Filed under: Newspapers, Mutual funds
Even though I would argue that the Vanguard Group is still the greatest financial services company in the world, it’s amazing how far the firm has strayed from its founder Jack Bogle’s original vision.
According to (subscription required) The Wall Street Journal, Vanguard is starting a new mutual fund that invests exclusively in mega-cap companies — those with market caps from $3 billion to around $500 billion. According to The Journal, “Vanguard has filed with the Securities and Exchange Commission to launch the Mega Cap 300 Index, Mega Cap 300 Value Index and Mega Cap 300 Growth Index funds.

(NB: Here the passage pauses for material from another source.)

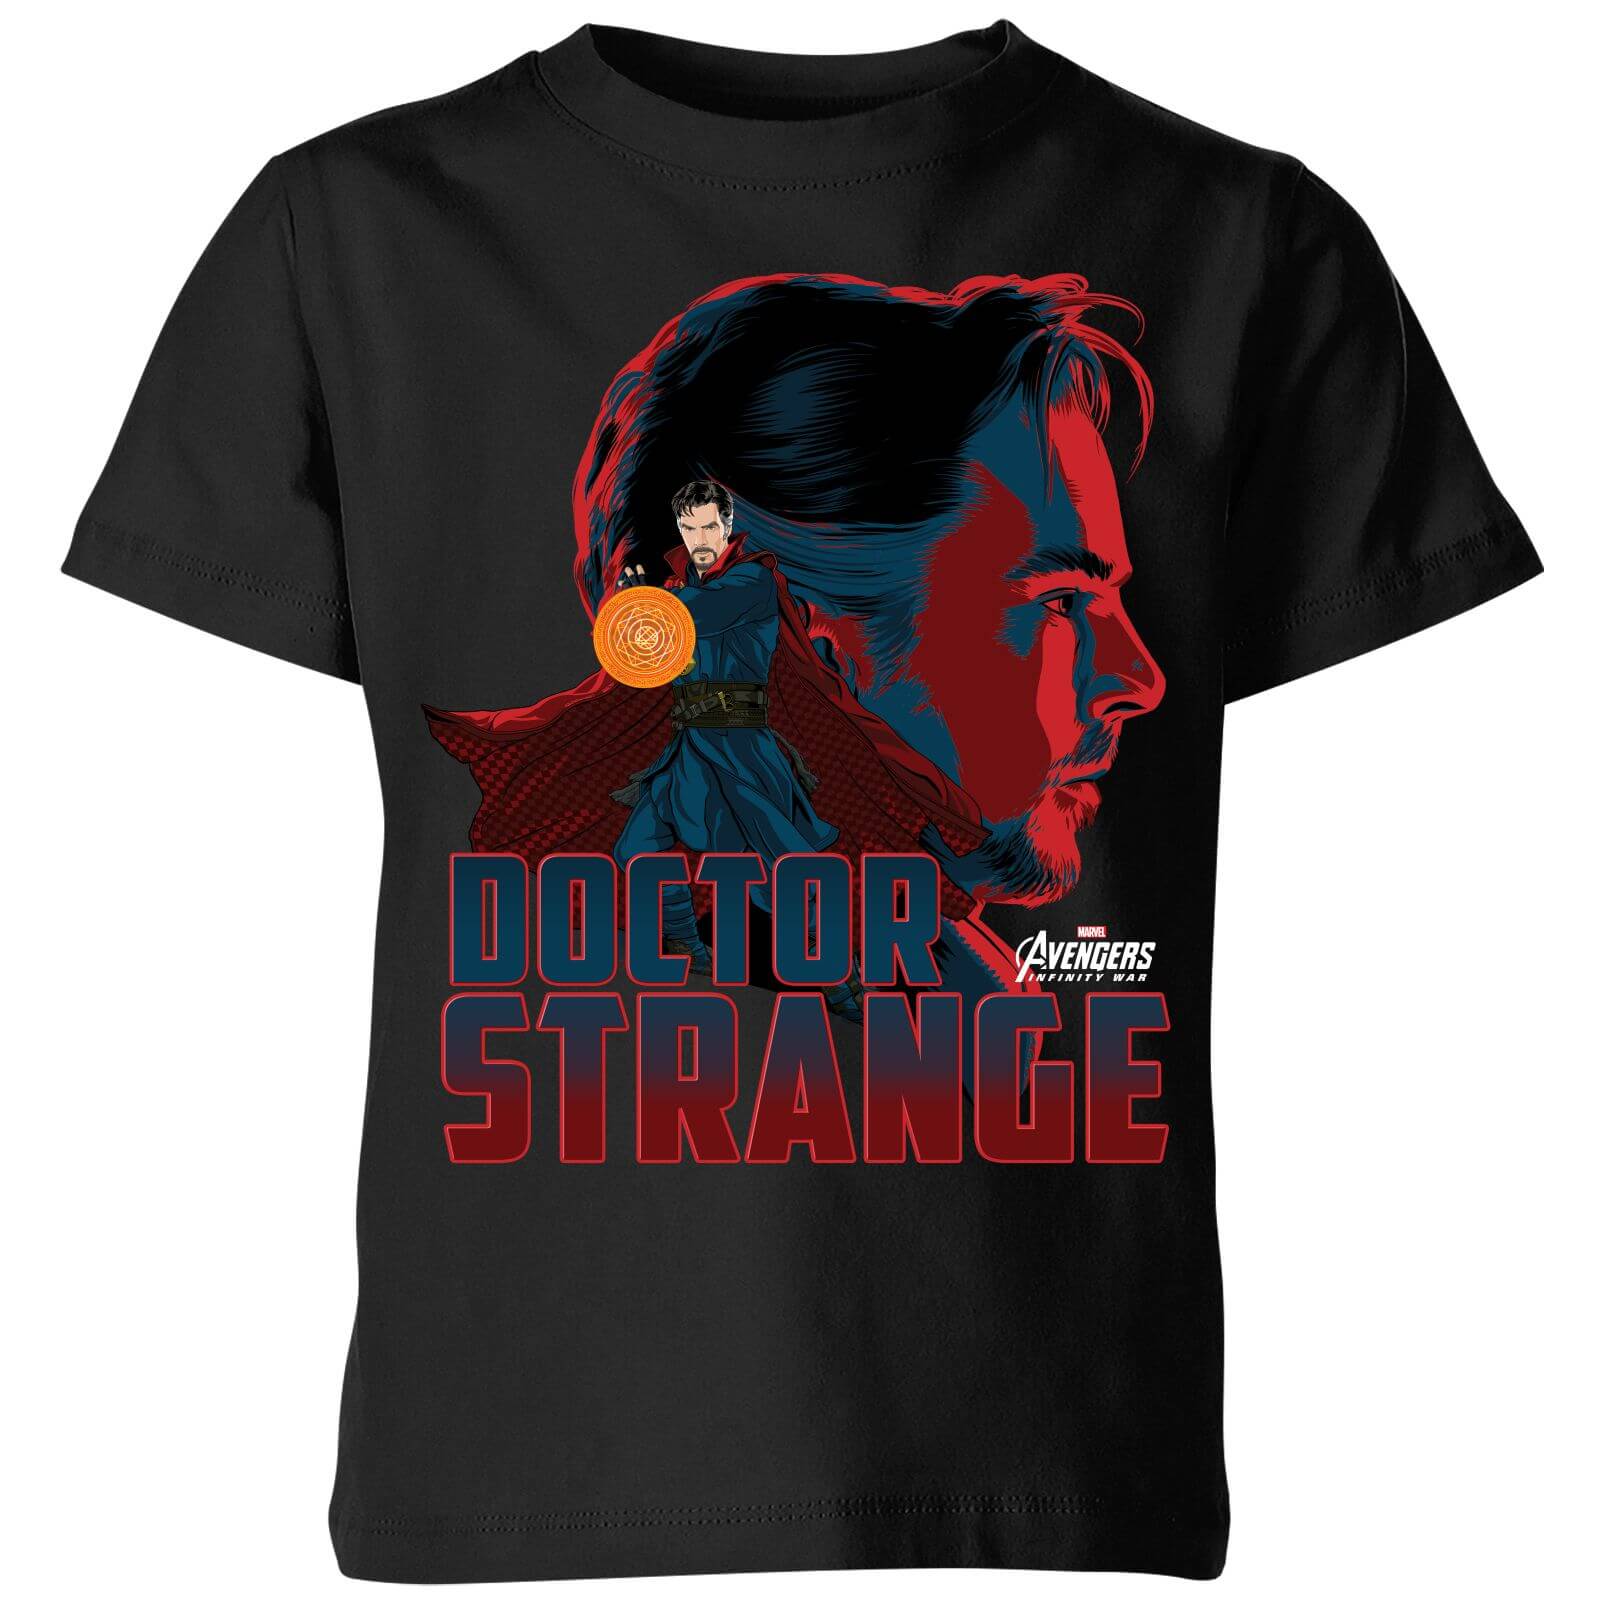 Marvel Avengers Doctor Strange Kids' T-Shirt - Black - 5-6 Years - Black
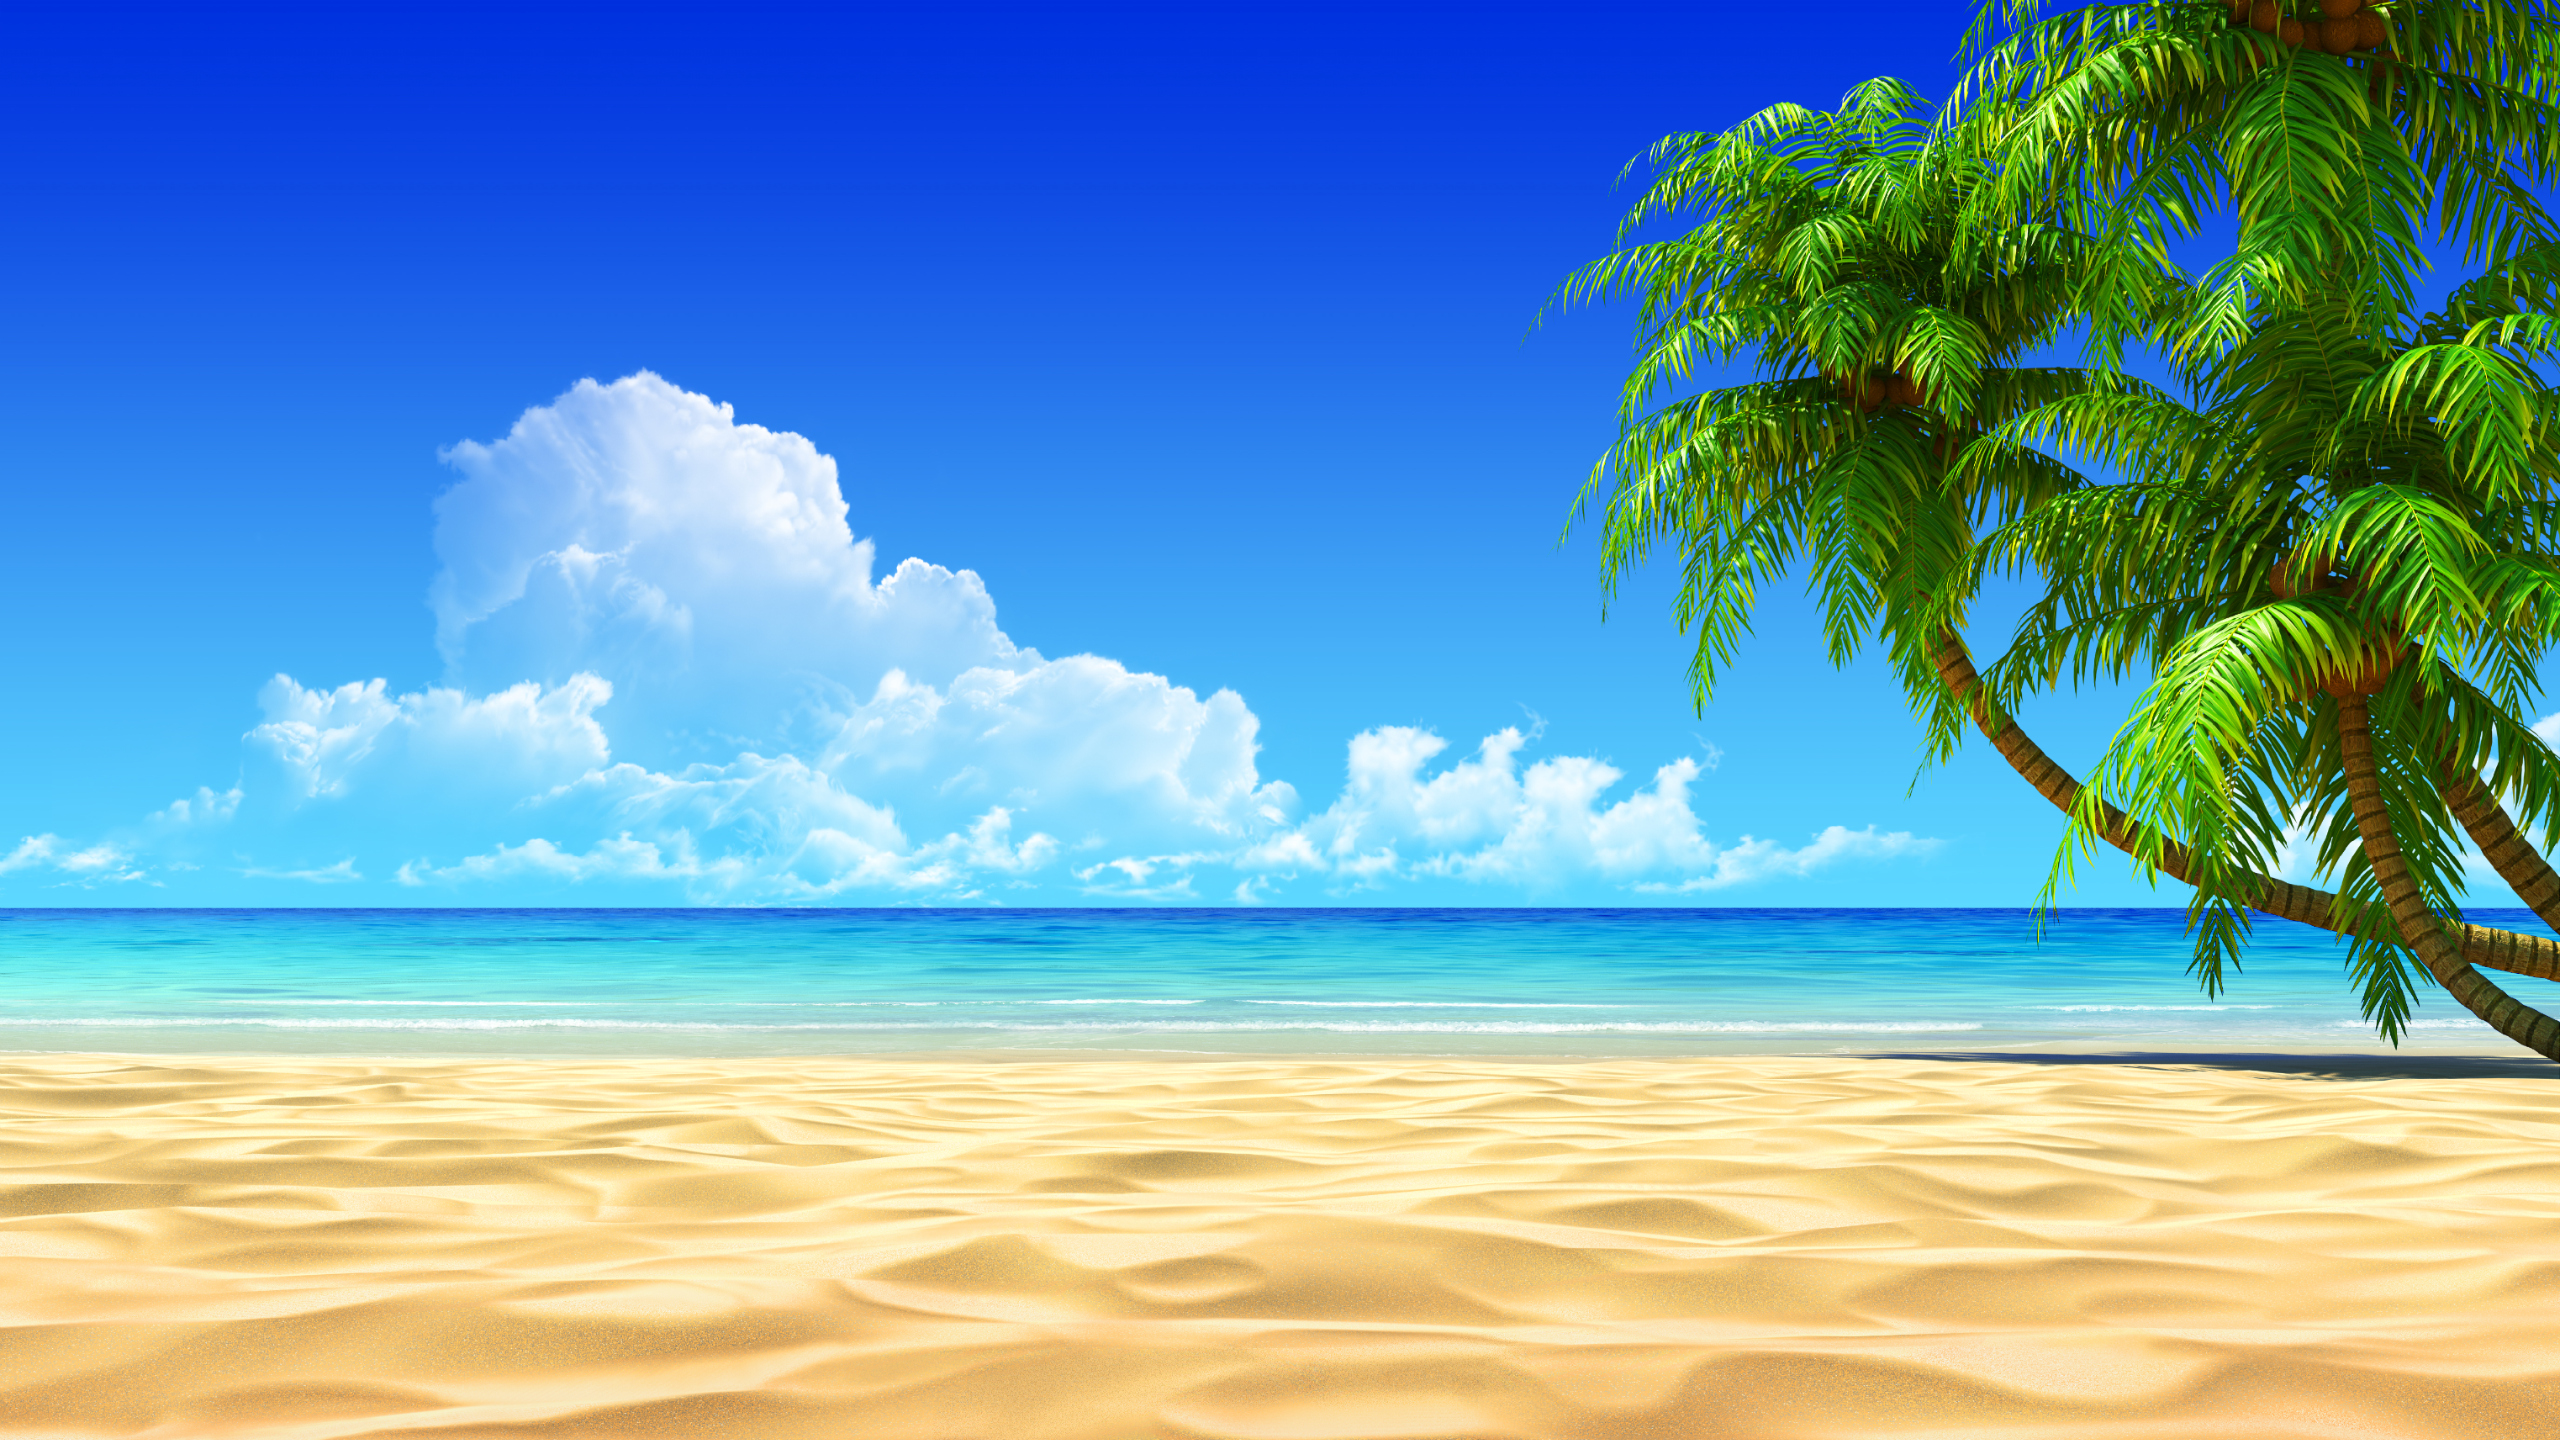 Tropical Beach HD Desktop Wallpaper For Background

The funds, which will be introduced in December, will track the market-capitalization-weighted MSCI US Large Cap 300 Index and its value and growth subsets.”
Exchange-traded, institutional, and investor share classes will be available and, like most Vanguard funds, the expense ratios will be terrific.
I just don’t get the point of these funds, and I certainly don’t see why any investor would want to rush out and buy them. There aren’t that many mega-cap stocks so diversification could be an issue and, all of the companies are already covered by traditional broad-based market index funds.
It seems that the more that traditional index funds are “improved,” the more they shift away from the principles that guided Bogle when he invented the first index fund for individual investors in 1975.